● WHAT THE EXERCISE ASKS
The response should consist only of the lines from the one with "Peking, China - MÄRZ" to the end of the data below, copied exactly and without pictures.

RECORDED INFORMATION section start

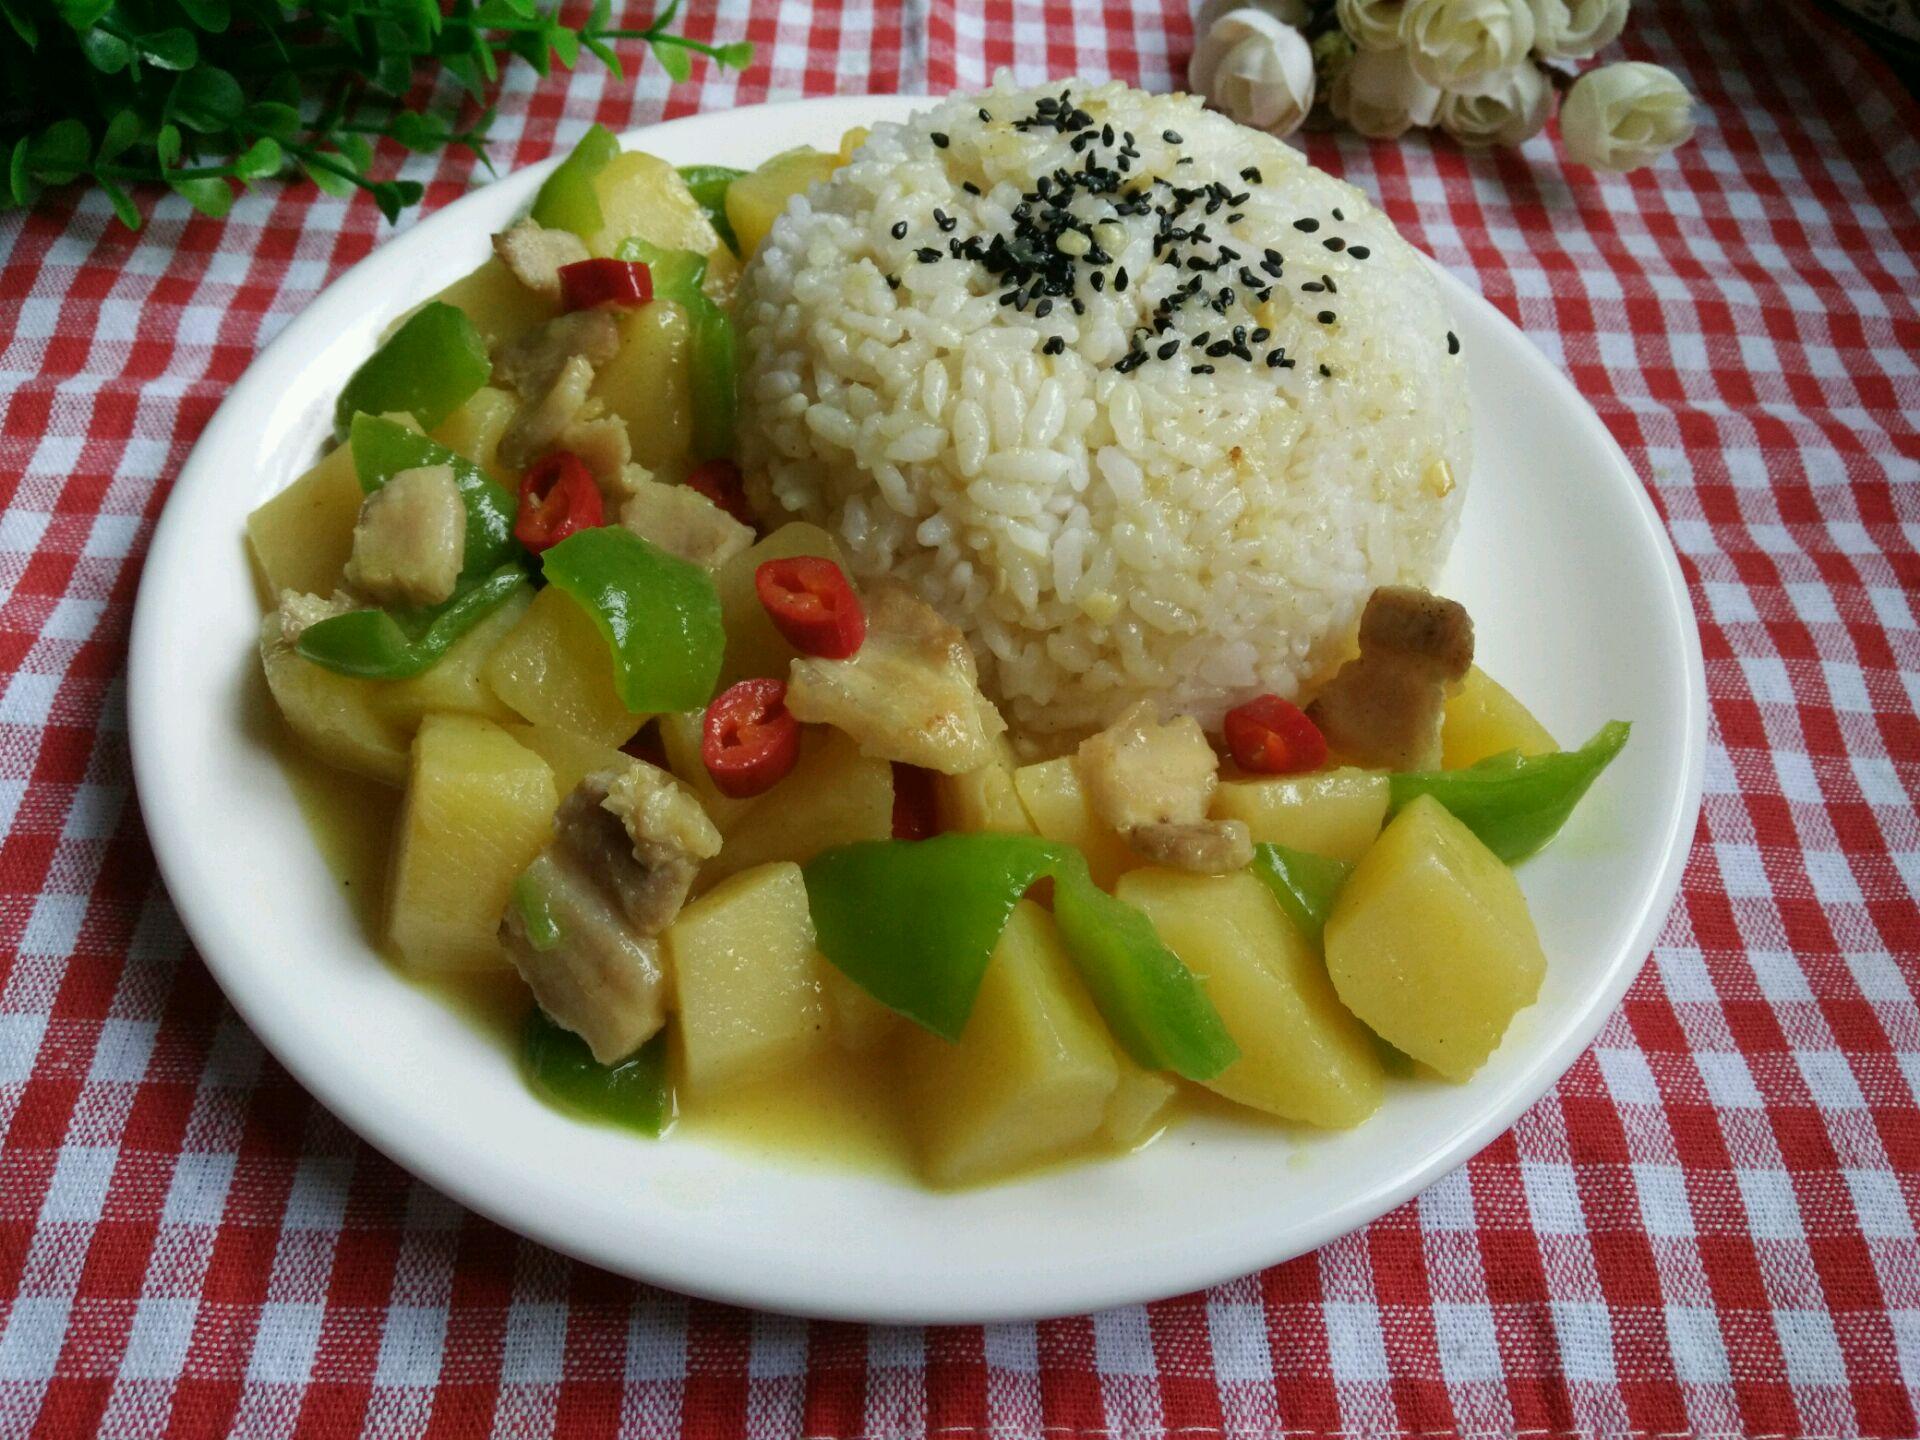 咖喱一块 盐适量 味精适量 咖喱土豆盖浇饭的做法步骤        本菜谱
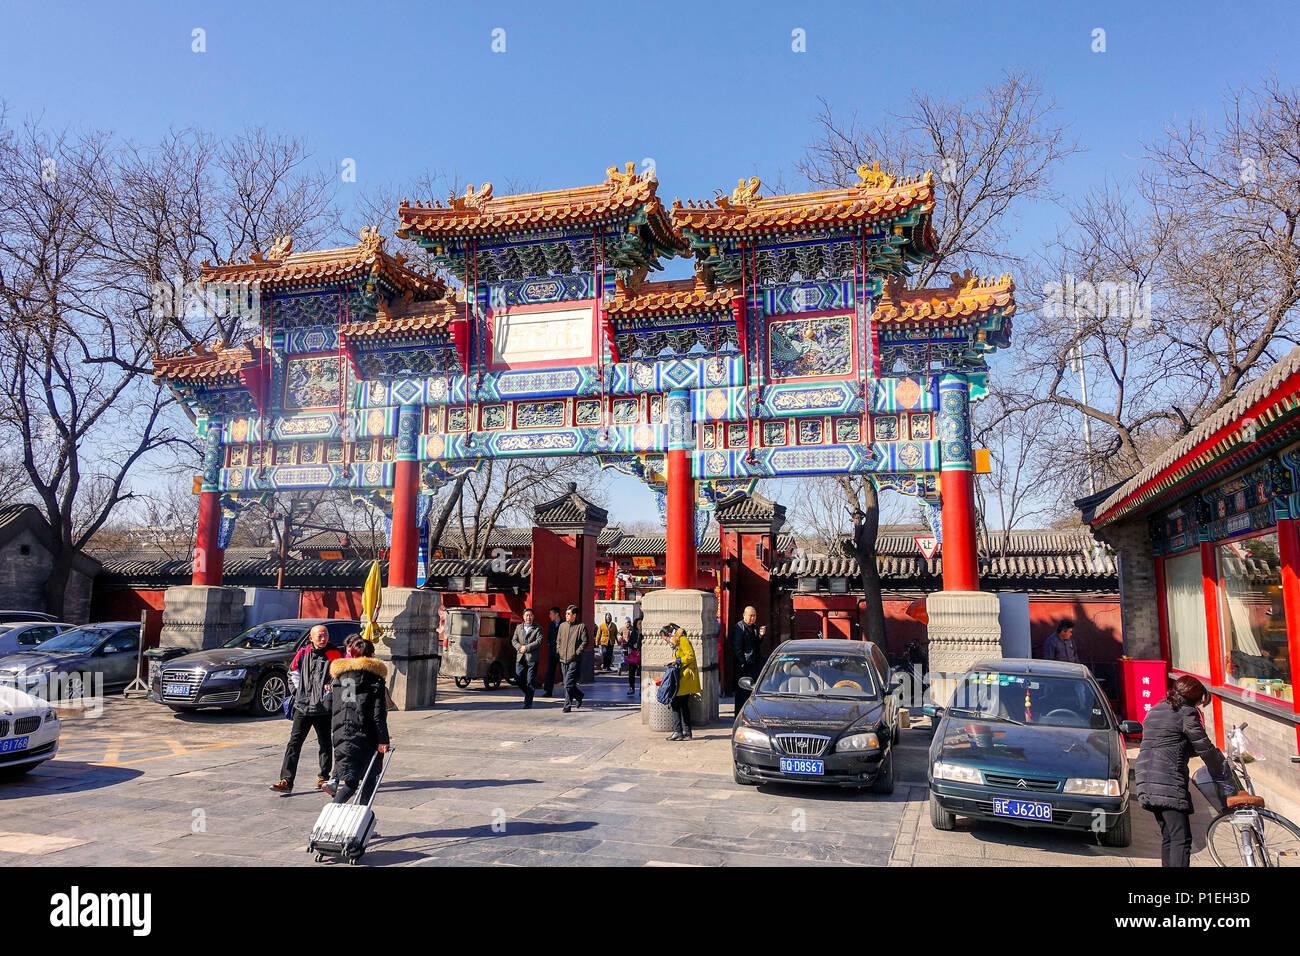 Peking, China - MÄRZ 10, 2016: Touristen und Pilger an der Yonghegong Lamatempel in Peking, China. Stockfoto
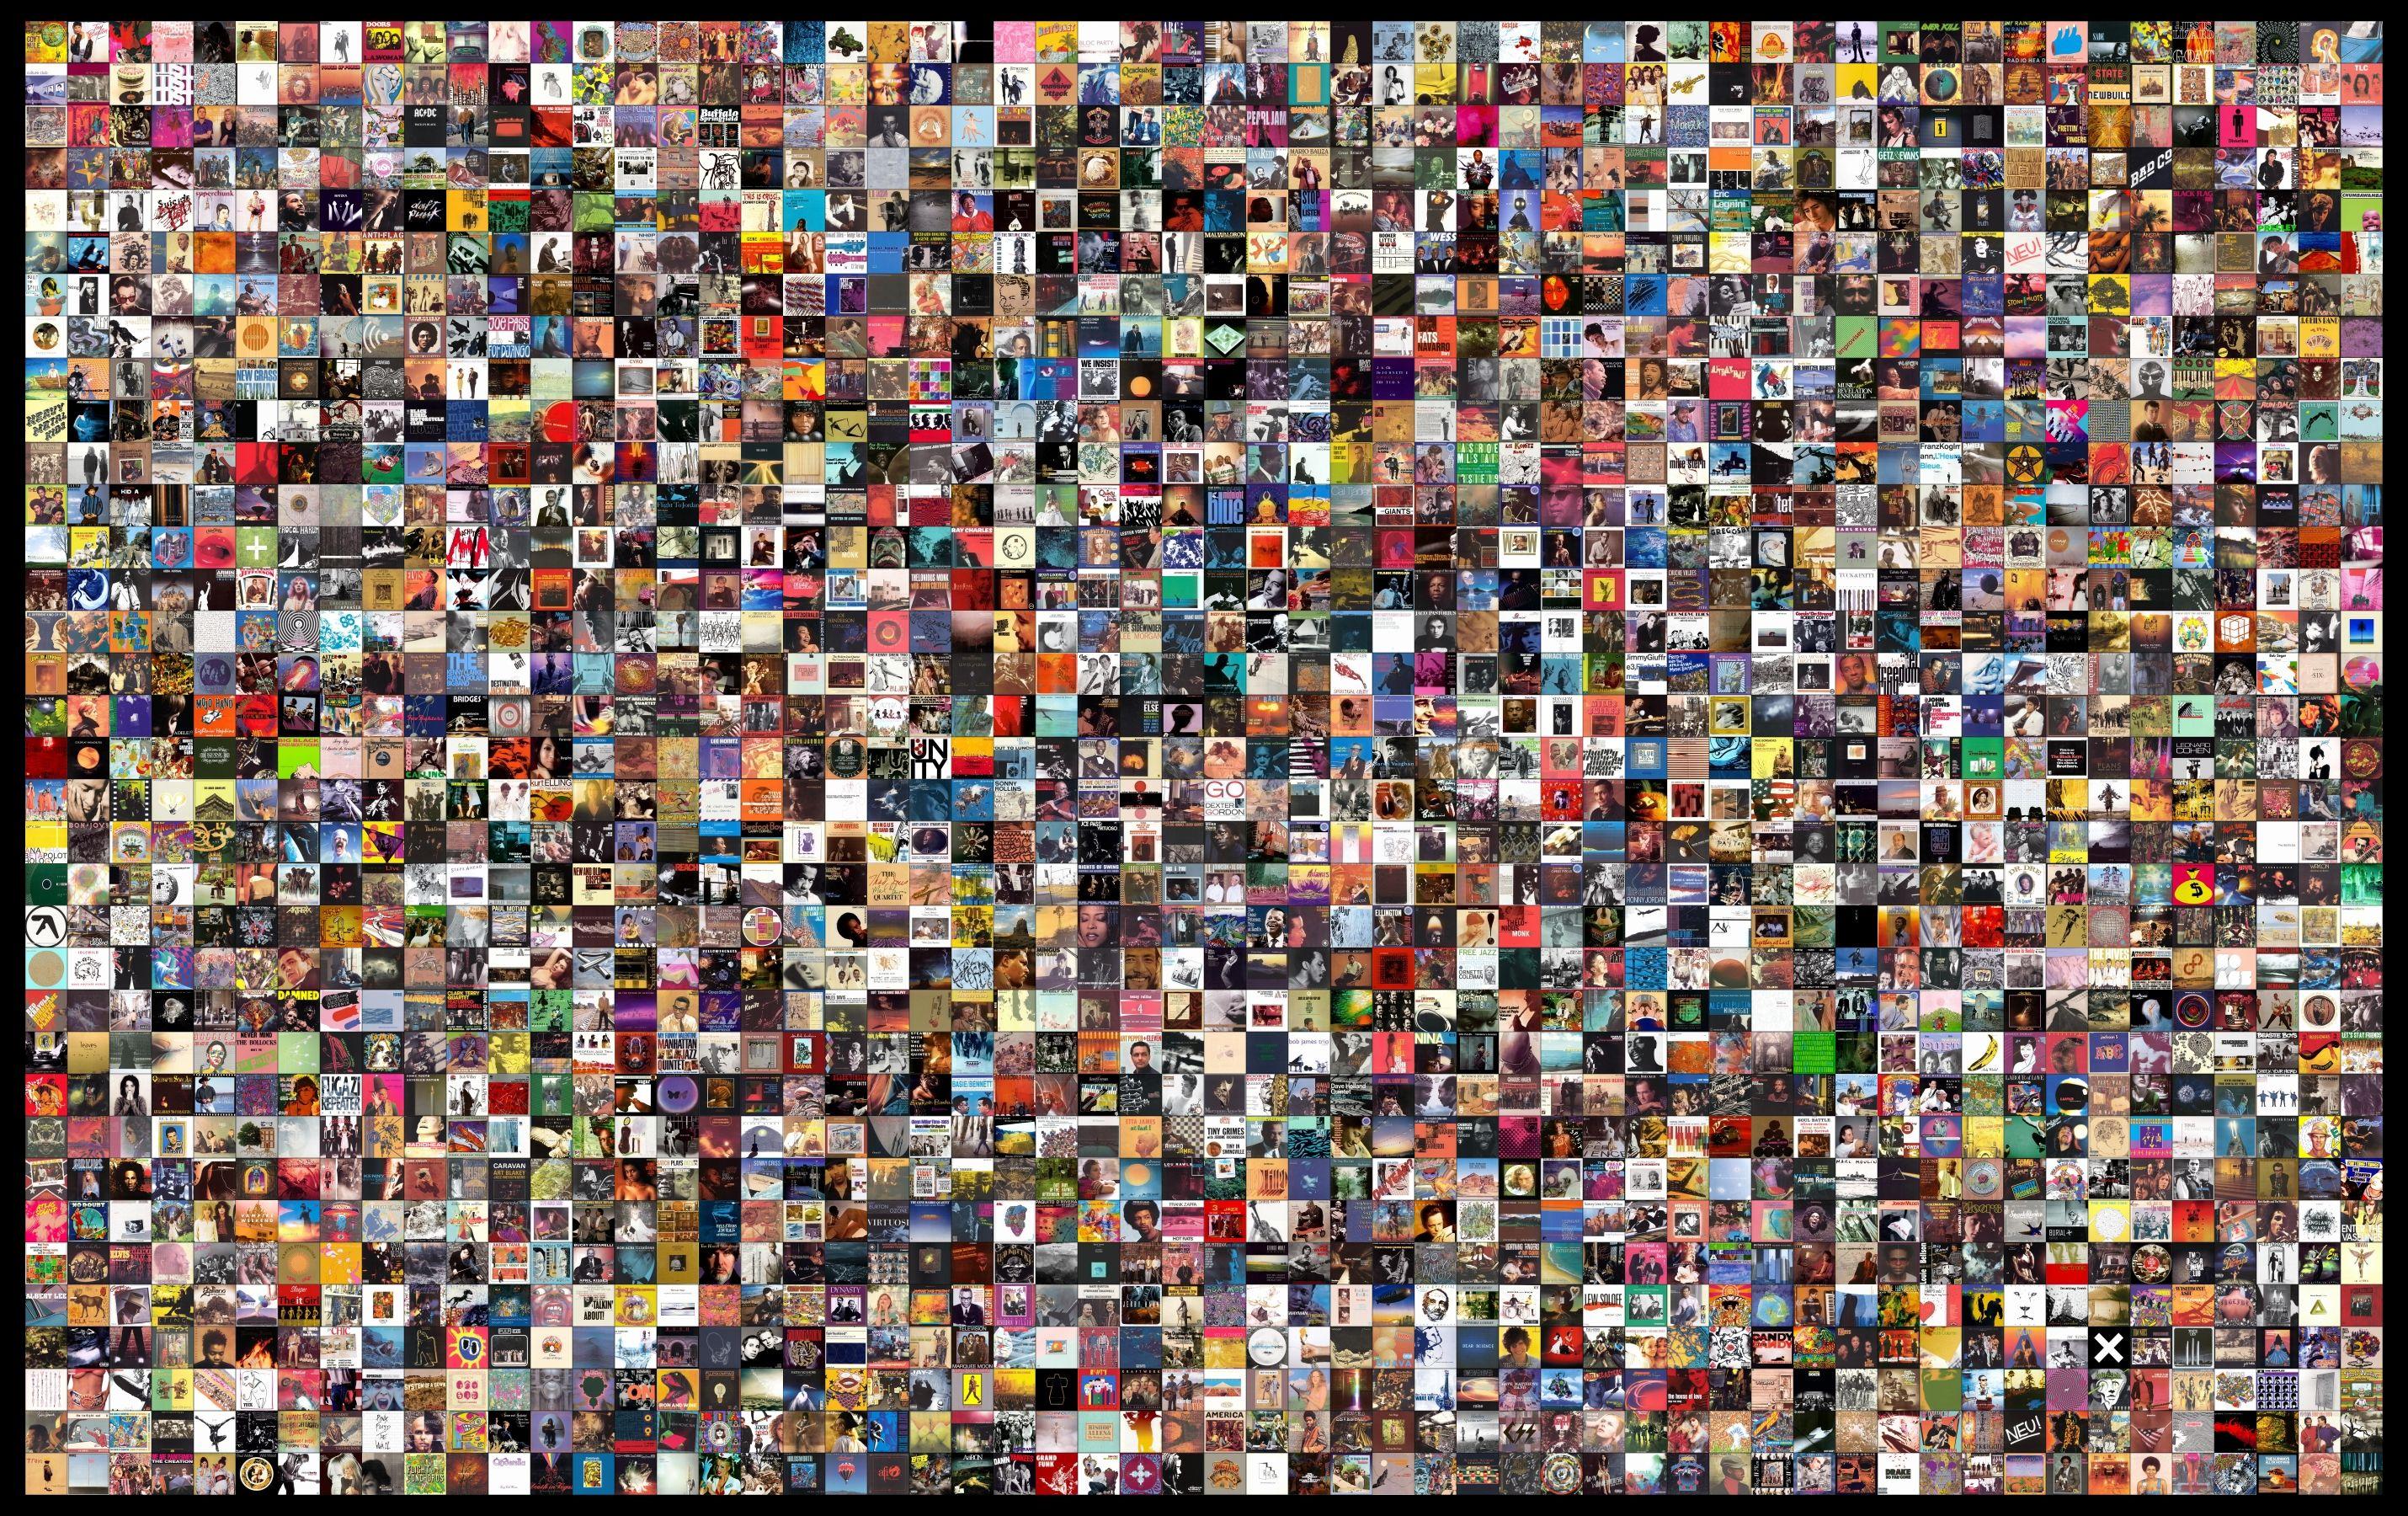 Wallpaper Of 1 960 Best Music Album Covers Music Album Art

RECORDED INFORMATION section end

● RESPONSE TO THIS EXERCISE
 Peking, China - MÄRZ 10, 2016: Touristen und Pilger an der Yonghegong Lamatempel in Peking, China. Stockfoto
 Wallpaper Of 1 960 Best Music Album Covers Music Album Art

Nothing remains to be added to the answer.